Within-family outliers were defined as sibling pairs for which the squared phenotypic difference is much larger than expected from the population correlation. From our data, sibling correlation and residual SD (after a general linear model correction for the effects of age and sex) were 0.43 and 6.7 cm, respectively, so that the mean and SD of D2 are 51.2 and 72.4 cm, respectively. Thus, sibling pairs for which the squared phenotypic difference was 4 SD above the mean (ie, >341 cm2), which corresponds to an absolute difference 18.5 cm or greater, were categorised as within family outliers. There were 81 possible pairs of siblings in sibships with D2>4 SD above the mean. If within-family outliers were detected in families with more than two siblings, then not all individuals in a pair were removed, but only the individuals most responsible for the within-family outliers, that is, the individual with the largest deviation from the population mean. In total, 59 individuals were removed (0.7% of the total sample), which resulted in a reduction of 142 possible pairs of siblings in sibships, or 2.4% of the total number of possible pairs of siblings in sibships.

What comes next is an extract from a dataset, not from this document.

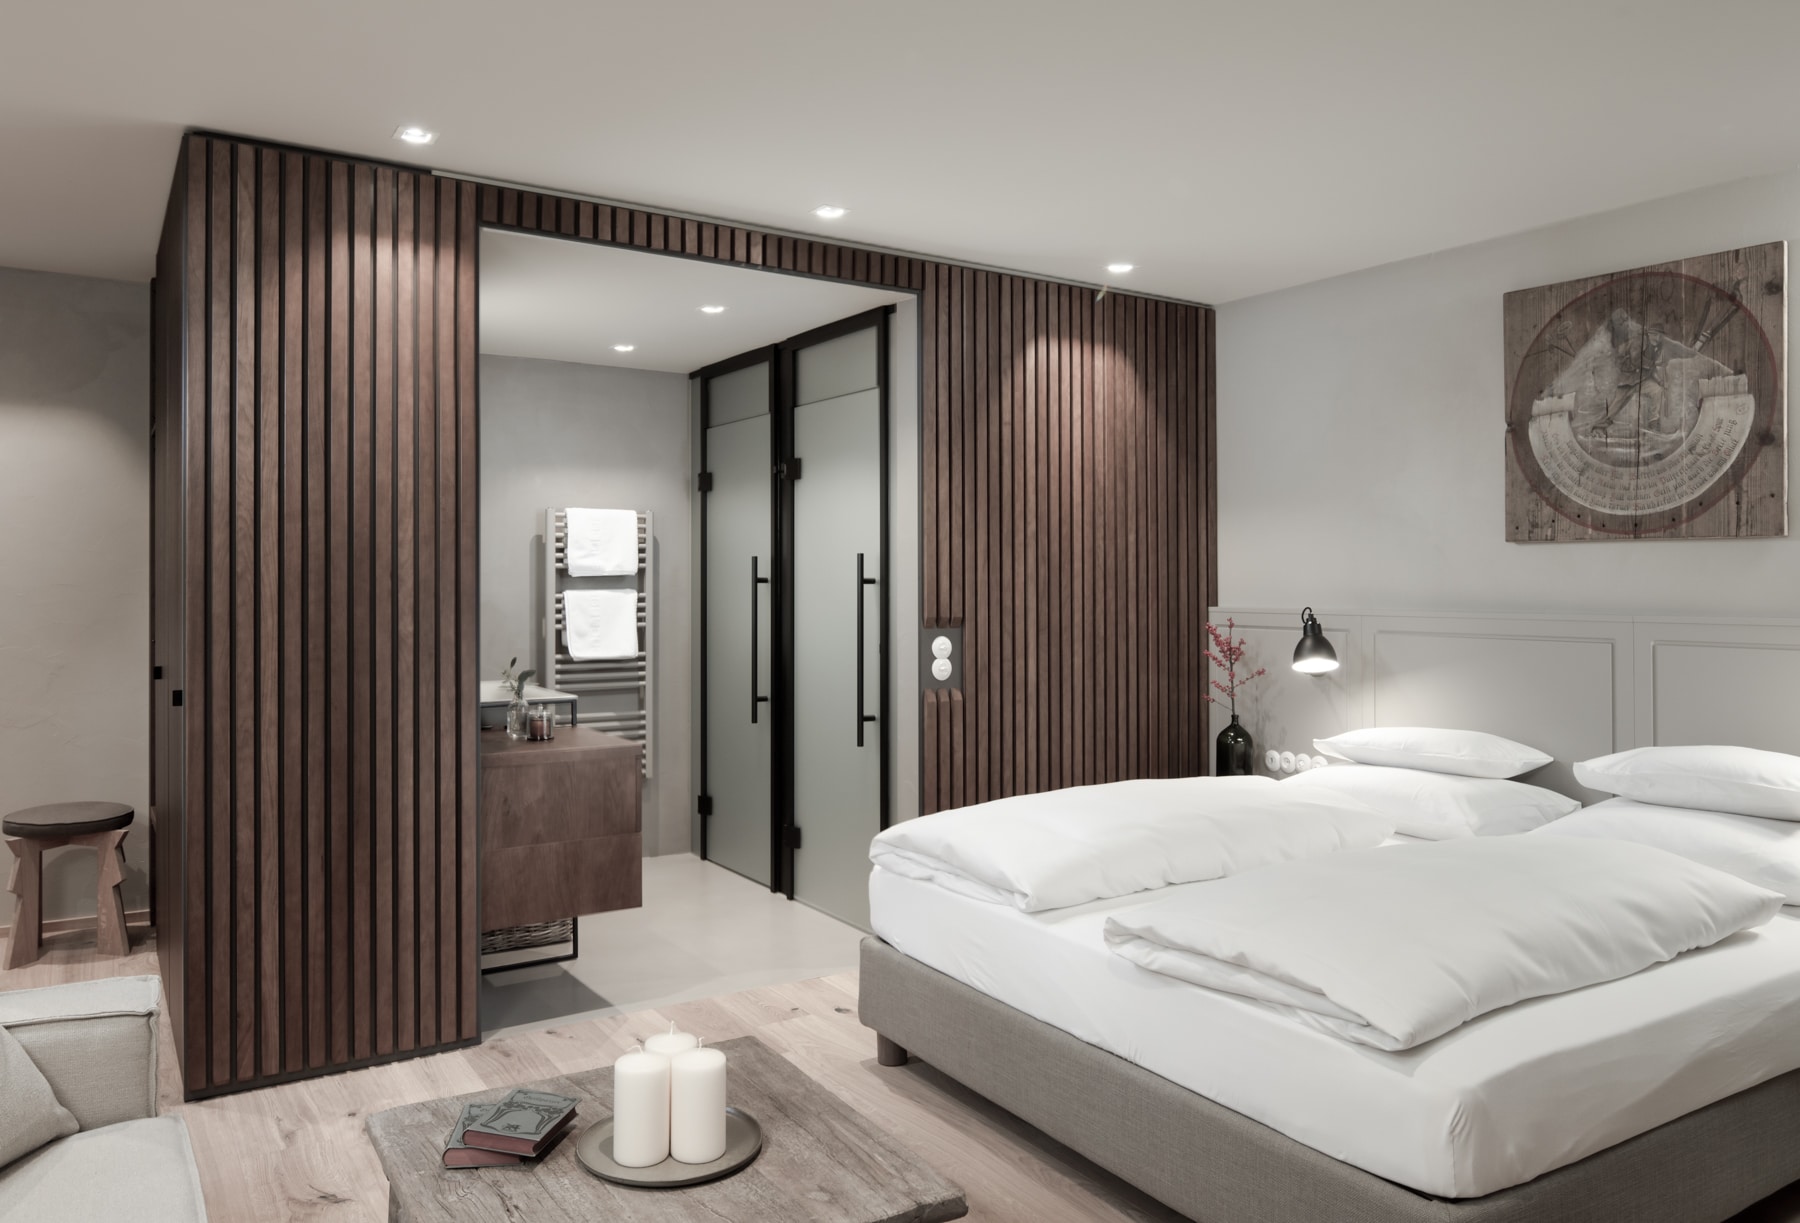 Elegant modern bedroom with a sleek design featuring a comfortable bed, sliding wooden panels leading to an en-suite bathroom, and harmonious neutral tones for a relaxing atmosphere.

To assess the power of the present study to detect a QTL influencing the normal variation in height, a series of power calculations based on Sham et al,25 was performed using a genetic power calculator26 under the following assumptions: (1) an additive QTL is influencing the variation of height; (2) recombination rate between the marker and the QTL is 0; (3) a heritability of 0.8; (4) type 1 error rate (α)=4.8 × 10−5 (equivalent to a LOD score of 3.3). The expected LOD score was also calculated using the above assumptions as E(LOD)=(1+NCP)/4.605, with NCP the QTL non-centrality parameter.25
To identify and map chromosomal regions (QTL) influencing variation in height, a multipoint variance component linkage analysis was performed as implemented in the Merlin 1.0.1 (for autosomes) and MINX (for the X chromosome).21 As the framework for mapping the QTL, that is, establishing the position and order of the markers in the chromosomes, a locally weighted linear regression map (http://www.qimr.edu.au/davidD) based on NCBI Build 35.1 physical map positions, deCODE and Marshfield maps was used.27
Linkage analysis correlates the phenotypic similarity of relative pairs with their genotypic similarity (represented by the proportion of alleles shared identical by descent (IBD) at a specific position in the genome) (eg, Almasy and Blangero28). In a variance component framework, the observed variance is partitioned into components due to QTL effects (shared when pairs are IBD at a marker), polygenic effects (shared according to their genetic relationship) and environmental (non-shared) effects, using the observed covariance between relatives and IBD sharing at marker loci. The presence of a QTL at a specific chromosomal location was tested by comparing the likelihood that the QTL variance is zero (H0) with the likelihood that the QTL variance is different from zero (H1). The LOD score is defined as twice the difference between the log10 likelihood (H0) and (H1) (eg, Almasy and Blangero28). As suggested by Lander and Kruglyak,29 the present study considered LOD scores of 3.3 and 1.9 as significant and suggestive evidence of linkage between QTL and markers at the test position, respectively. The effects of within family outliers on linkage results were empirically examined by conducting linkage analyses on the data before and after removing individuals who were classified as within family outliers.
The mean height of males was larger than that of females with an estimated difference of 14.16 cm (SE 0.15). The regression slope of the age on height was −0.05 (SE 0.01) cm/year indicating gradual shortening of our aging sample, possibly confounded with a secular trend of increasing height in later birth cohort.30 Skewness and kurtosis values of the standardised residuals of height after a general linear model adjustment (in SPSS package) for the effects of age and sex were very close to zero (ie, skewness: 0.10 (SE 0.06); kurtosis: 0.03 (0.06). This is a good indication that our data have close to a normal distribution, which is an assumption of variance component linkage analysis by maximum likelihood and justifies use of asymptotic significance values for linkage.29 The average numbers of markers genotyped per individual was 542 (range, 211–1640). Overall, these numbers provided an average spacing of about 5 cM across the genome. The estimated sib correlations before and after removing within-family outliers were 0.43 and 0.48. The corresponding estimates of heritability were 0.83 and 0.84, respectively. The estimates of heritability were not identical to twice the sib correlations because they were estimated using all pedigree relationships, including parent–offspring and MZ pairs.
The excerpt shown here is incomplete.